中共の雀退治に思う
さる4月19日の朝、首都北京の三百万市民は午前四時半にたゝき起こされた。病人と赤ん坊を除いて全員路上に整列。そこへ“首都の人民は本日朝から苦斗三日をもって雀を撃滅する。全戦斗員はそれぞれの持場で協力して戦ひ、規定時間内に戦斗任務を完成せよ”という命令が下る。首都雀撃滅指導部総指揮王崑崙、副市長が全市民に発した総攻撃命令である。で、市民たちはねむい目をこすりながら、女はサオ竹の先に赤い布をしばりつけ、あるいは片手にバケツか、洗面器、片手に丸たん棒をにぎって待機し、男は猟銃か、パチンコをもって屋根や木の上にはいのぼる。やがて、“用意”“はじめ!”の号砲。市民は一せいにバケツやドラ、太鼓、テッポウをドンジャン、ガンジャン、ドカンドカンと打ちならし、屋根の上におし立てたハリコの大入道をふり回す。驚いた雀たちは、わっと巣から飛び立って、あっちへ逃げ、こっちへ逃げするが、北京市中、どこへ行っても(天壇にさえもテッポウ組が待ち構えていた!)ドンジャン、ガンジャンとやられるのでとまって休むことが出来ず(下へおりて来たやつはパチンコや銃でしとめられた)夕方ごろには全鳥フラフラ、気絶して地べたへ落ちてしまうということに相成った。これは雀が物音におびえやすいこと、長く飛び続ける力をもたない(二時間程度という)ことなどの弱点をついた作戦で、三日間で約四十万羽の雀を退治、もはや北京の空には雀の編隊は見られなくなった、と中共の各新聞はグラフ写真入りで大々的に報じている。』
以上は或る週間雑誌の記事そのまゝの転載であり、どの程度真実を伝へたものであるかは不明であるが、兎角驚き入ったことがらである。その受け取り方は各人各様であり、その批判も色々あると思うが、私はこの記事を読んで感ずるまゝを、日頃の所信と共に述べてみたい。
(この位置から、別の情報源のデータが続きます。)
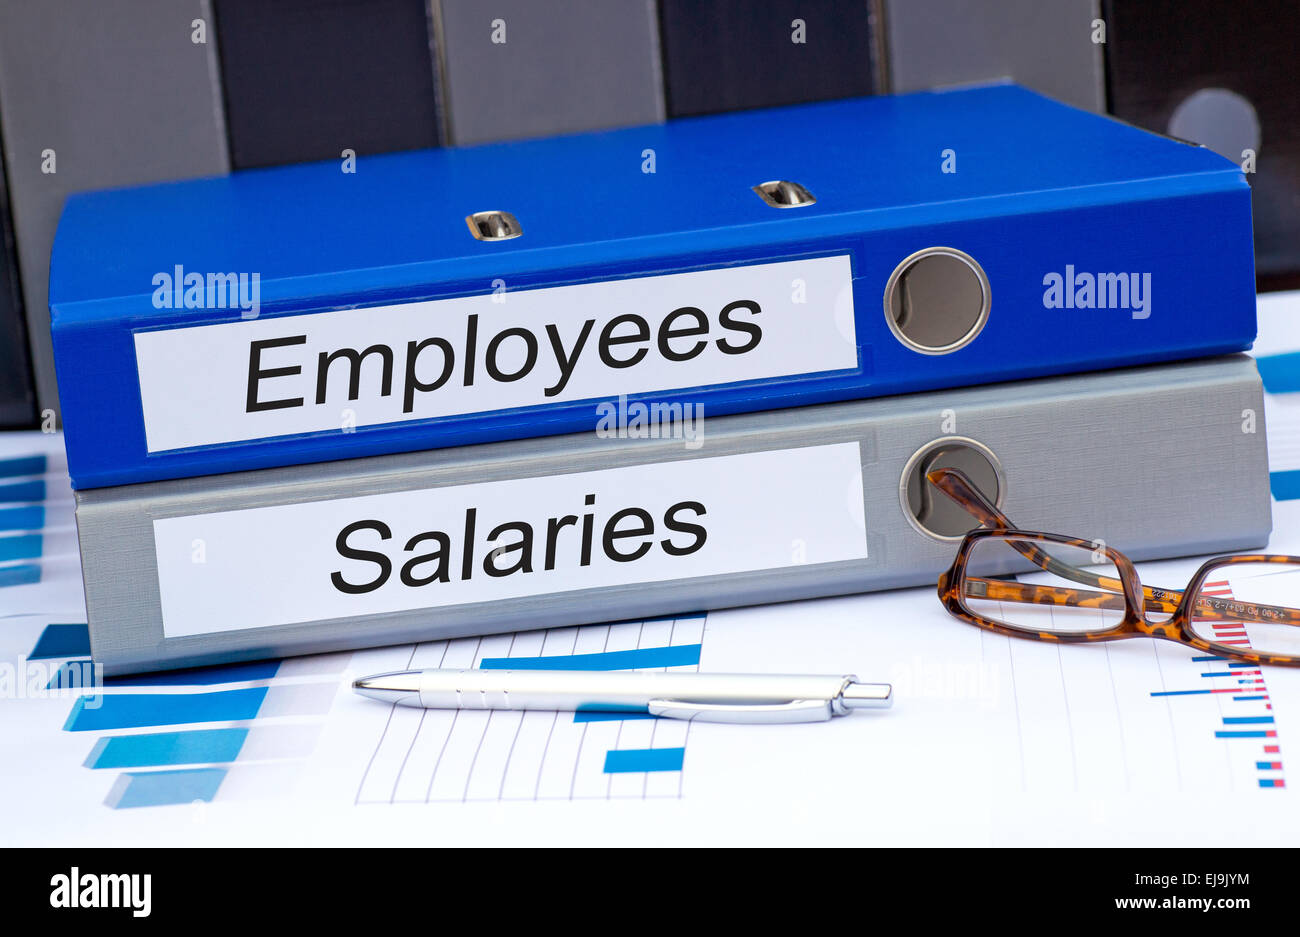 Employees and Salaries Stock Photo

本来、愛鳥精神などは所謂筋金の入った共産主義的唯物論者の前にあってはブルジョワジーの観念的遊戯に過ぎないかも知れないし、亦、雀が収穫期の稲田を荒らすことはかくれもない事実であるから、たとえ彼等が稲田に穀物のない長い期間をもっぱら草の種や害虫の駆除に大いにつとめてくれたその功績がまるで無視されて居るとしても、誠に不本意乍らとやかくは申すまい。が私がこゝで極めて遺憾に思うことは−−唯、その雀退治の大げさなことや、共産体制国のすさまじい大衆動員に驚き、あるいは、なすところなく殺された雀に対し憐みの情をそゝぐ丈ではすまされないものを感ずるからである。それは『自然及自然生物に対する現代人の心構え』とでも云い得ようか。そこにはそれらのものに対する人間としての謙虚さがいさゝかも感じられない。これは一体何に基くものであろうか。生物学知識の貧困もあろう。が要は科学の万能を誇る現代人の思い上りと自然の軽視に外ならぬと思う。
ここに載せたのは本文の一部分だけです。